Doch unabhängig davon: Welches größere Geschenk kannst du dir selbst und dem Leben machen als dich wahrhaftig um dich selbst und all deine Bedürfnisse zu kümmern? Ich weiß, Oscar Wild sagte bereits “Die größte Romance ist die Beziehung zu dir selbst“ – genau das predige ich auch in meinen Vorträgen und unseren Workshops. Doch die tiefe Dimensionen dieses Zitats war mir nie wirklich klar. Ich dachte, ich kann mich eben körperlich feiern und mit all meinen „Makeln“ lieben, doch dass dies erst der Beginn ist, war mir lange nicht bewusst. Du kannst deine Bedürfnisse weitestgehend selbst stillen: Du kannst gut zu dir sein wie eine liebevolle Mutter, die lecker für dich kocht, dich an Pausen erinnert und dir gut zuredet. Du kannst lieben wie eine liebevolle Freundin, die Sachen mir dir macht, die dir wahnsinnig viel Freude bringen, wie zu tanzen, auf dem Bett zu springen oder neue Klamotten-Kombinationen auszuprobieren. Du kannst lieben wie eine leidenschaftliche Partnerin es tut und dich selbst um deine Lust kümmern, dich mit Blumen beschenken und dich an wunderschönen Orte führen. Am besten erstellst du dir heute noch eine Liste, was du alles tun kannst, um deine tiefsten Sehnsüchte und Bedürfnisse selbst zu stillen! Du wirst erstaunt sein, wie viel du davon selbst erfüllen kannst.

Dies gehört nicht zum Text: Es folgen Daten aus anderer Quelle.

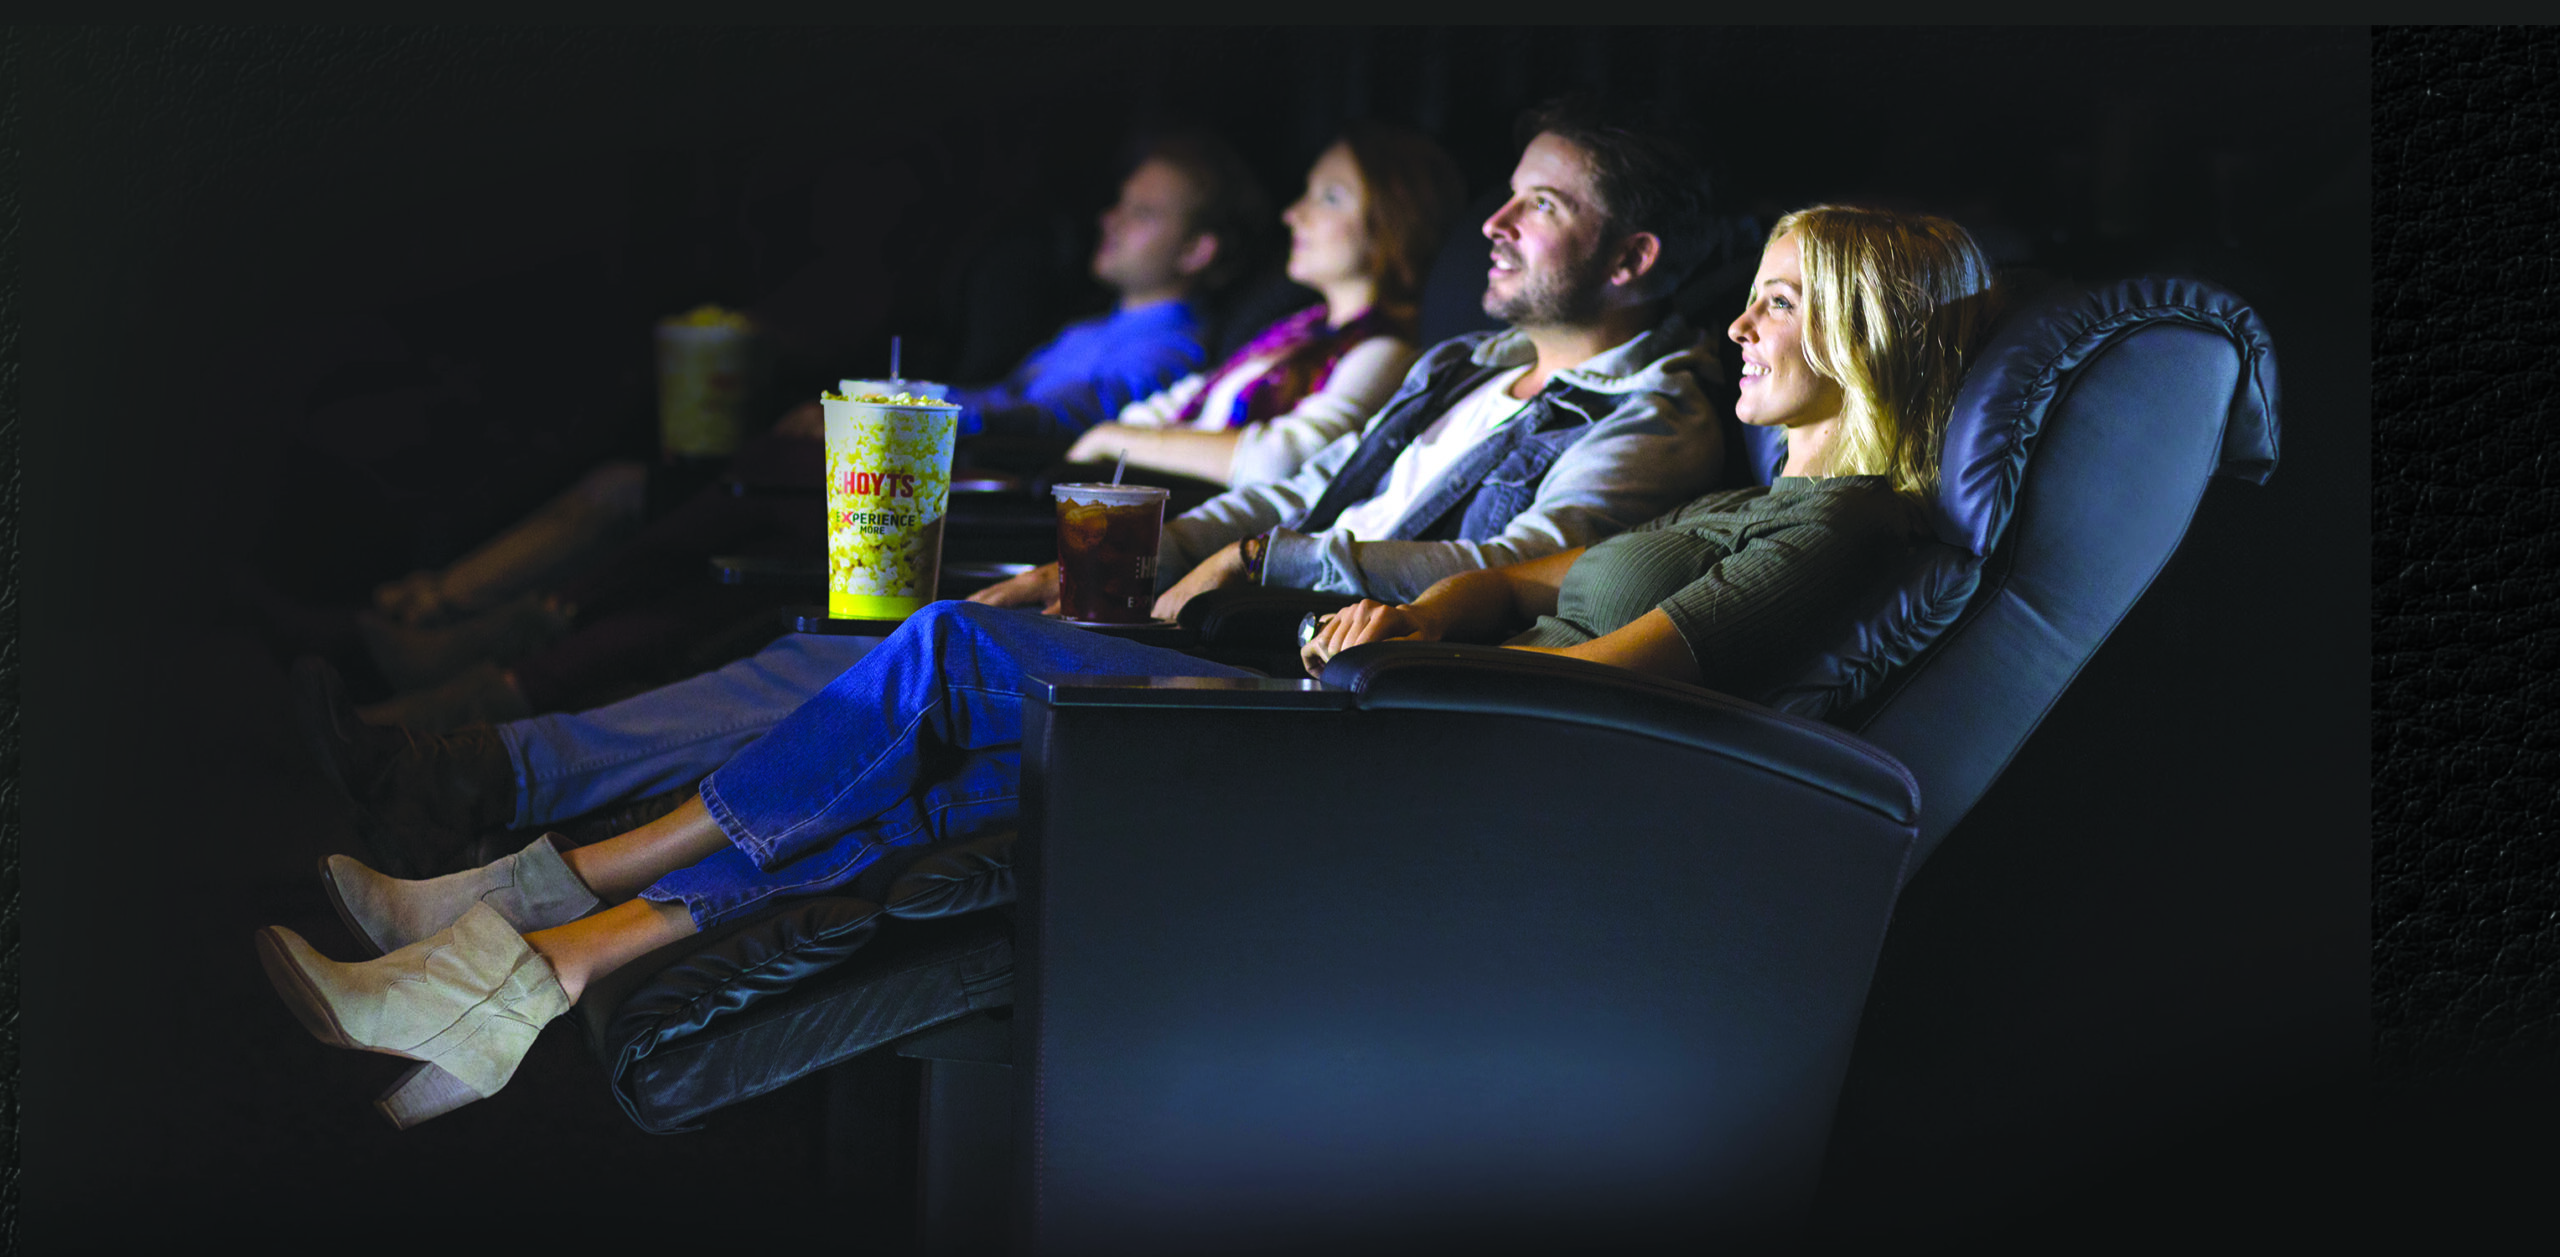 Let yourself recline at Hoyts cinema
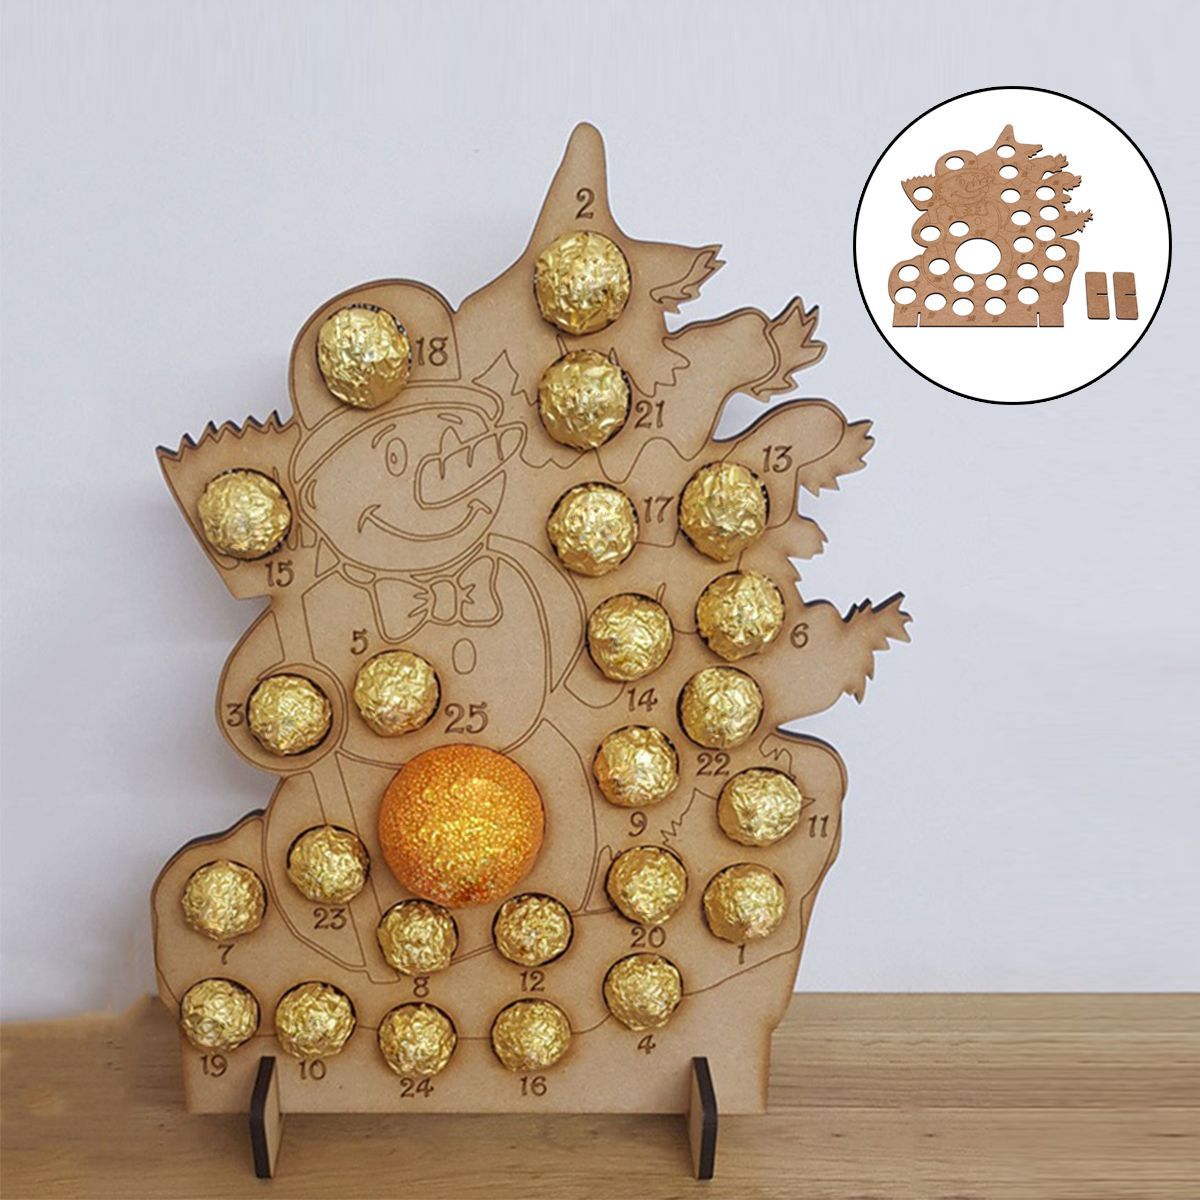 Wooden-Christmas-Advent-Calendar-Snowman-Chocolates-Orange-Storage-Box-Xmas-Gift-Decorations-1460359

Das geht? Ja, wenn du begreifst und wirklich wahrnimmst, dass da immer jemand ist, der auf dich wartet – nämlich du! Wie singt der Sänger Cro so schön: „Ich habe mich selbst gelebt.“ Das möchte ich auch sagen können und ich weiß, ich bin auf dem besten Weg dorthin.

Und das Tolle ist: Wenn du dir wahrhaftig selbst reichst und dir alles geben kannst, was du brauchst, – in meinem Fall wären es die Sicherheit und die Unabhängigkeit, meine eigene Retterin zu sein, „Nachtisch“ so oft wie möglich zu genießen, wie Cher sagt, mein eigener reicher Mann zu sein, leidenschaftlich mit mir selbst zu sein und mich glücklich zu machen – brauchst du dann wirklich noch „den richtigen Mann“?